┌────────

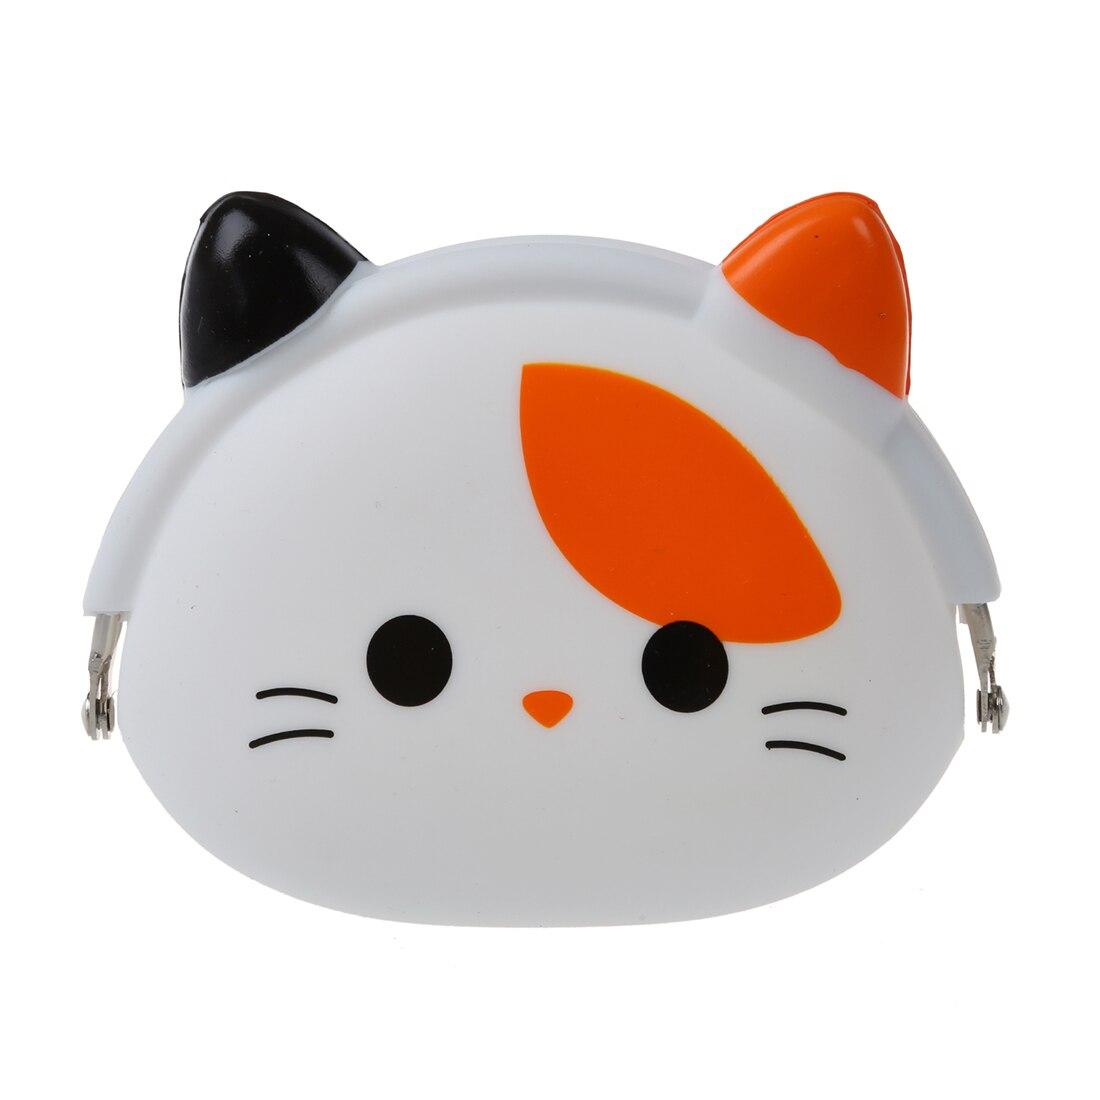 ABDB-Women Girls Wallet Kawaii Cute Cartoon Animal Silicone Jelly Coin Bag Purse Kids Gift Small Cat
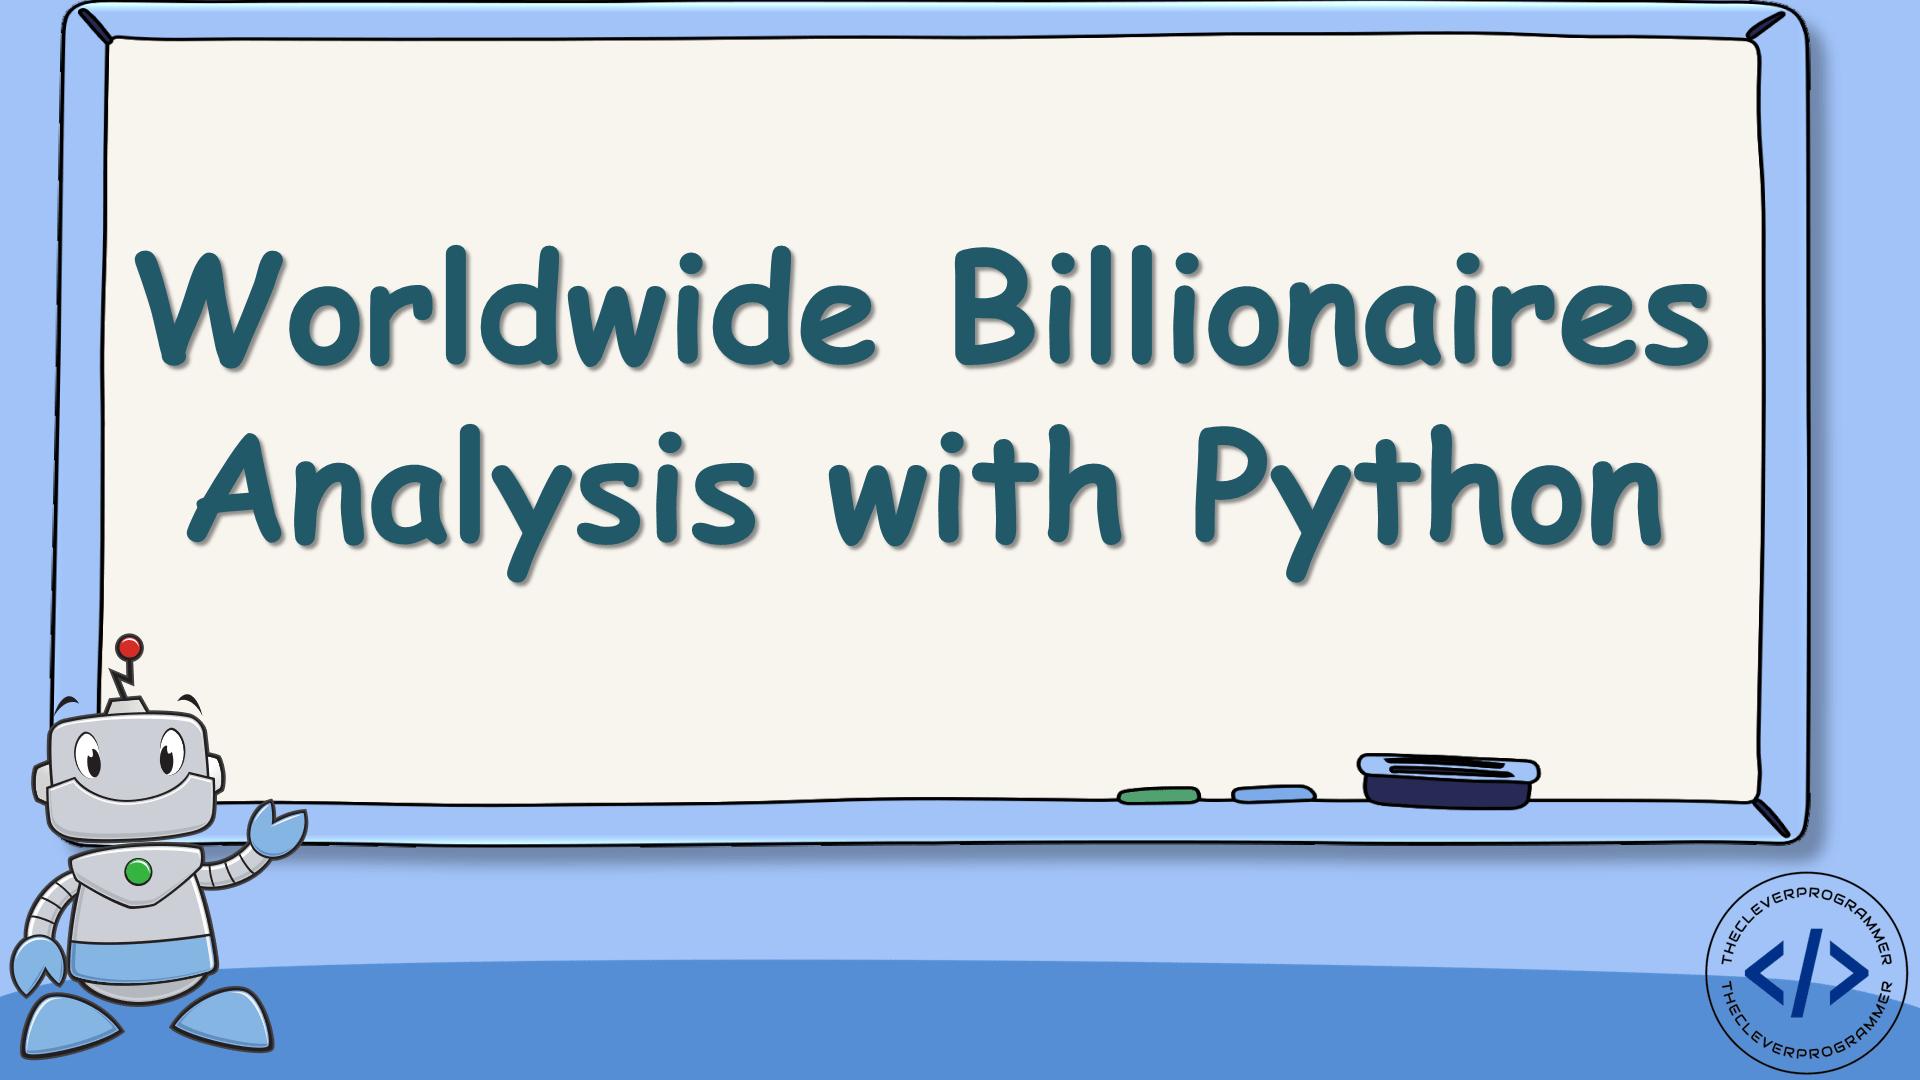 Billionaires Analysis with Python
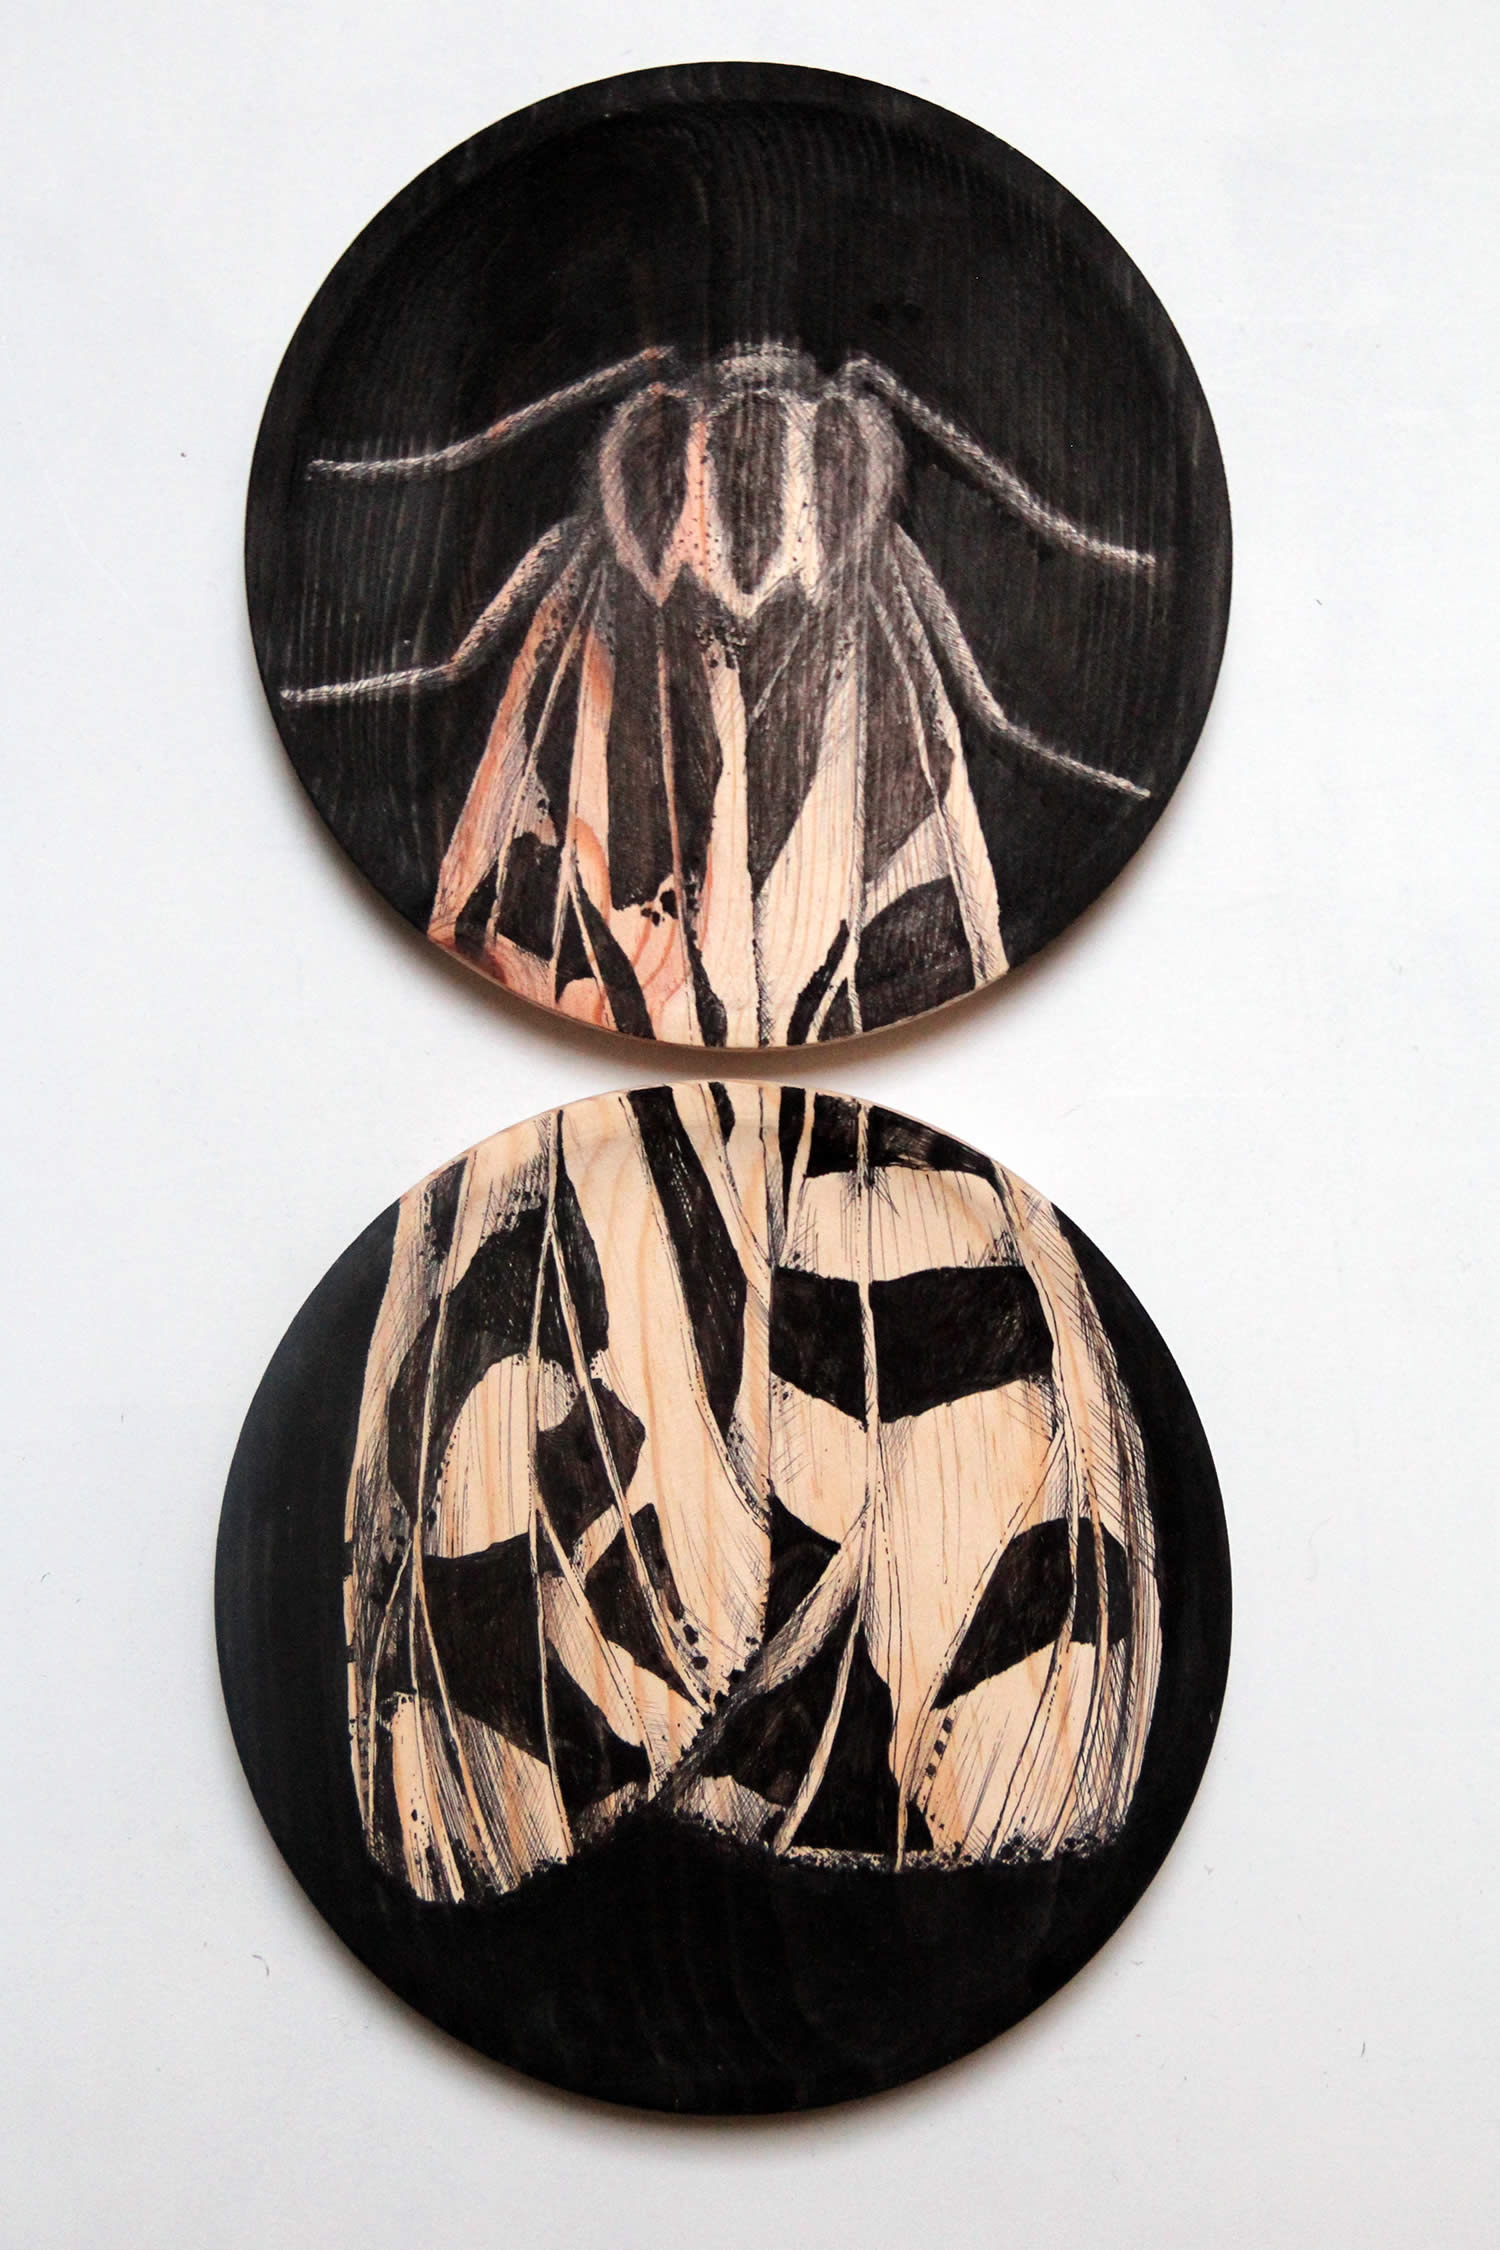 moth illustration on wood by raul gutierrez
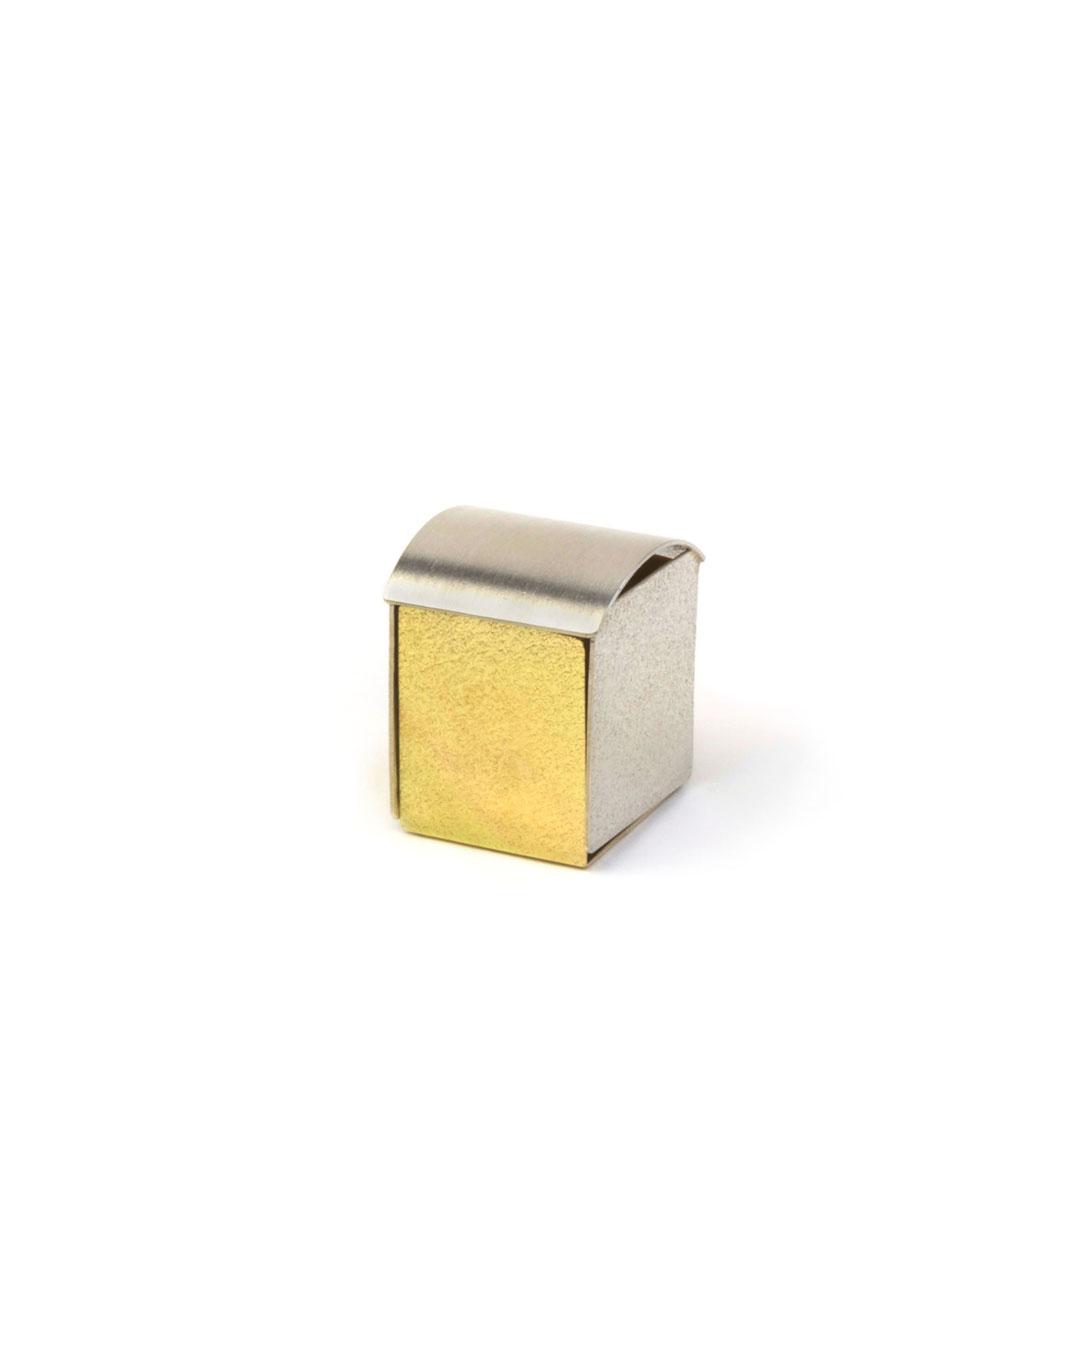 Okinari Kurokawa, untitled, 2008, ring; 970 silver, 835 gold, 23 x 20 x 18 mm, €1700

└────────

§ Prompt:
Lines from the one that contains "Billionaires Analysis with Python" to the final line of the material are the whole answer. Reproduce them word for word and skip the pictures.

§ Task solution:
 Billionaires Analysis with Python
 moth illustration on wood by raul gutierrez
 Okinari Kurokawa, untitled, 2008, ring; 970 silver, 835 gold, 23 x 20 x 18 mm, €1700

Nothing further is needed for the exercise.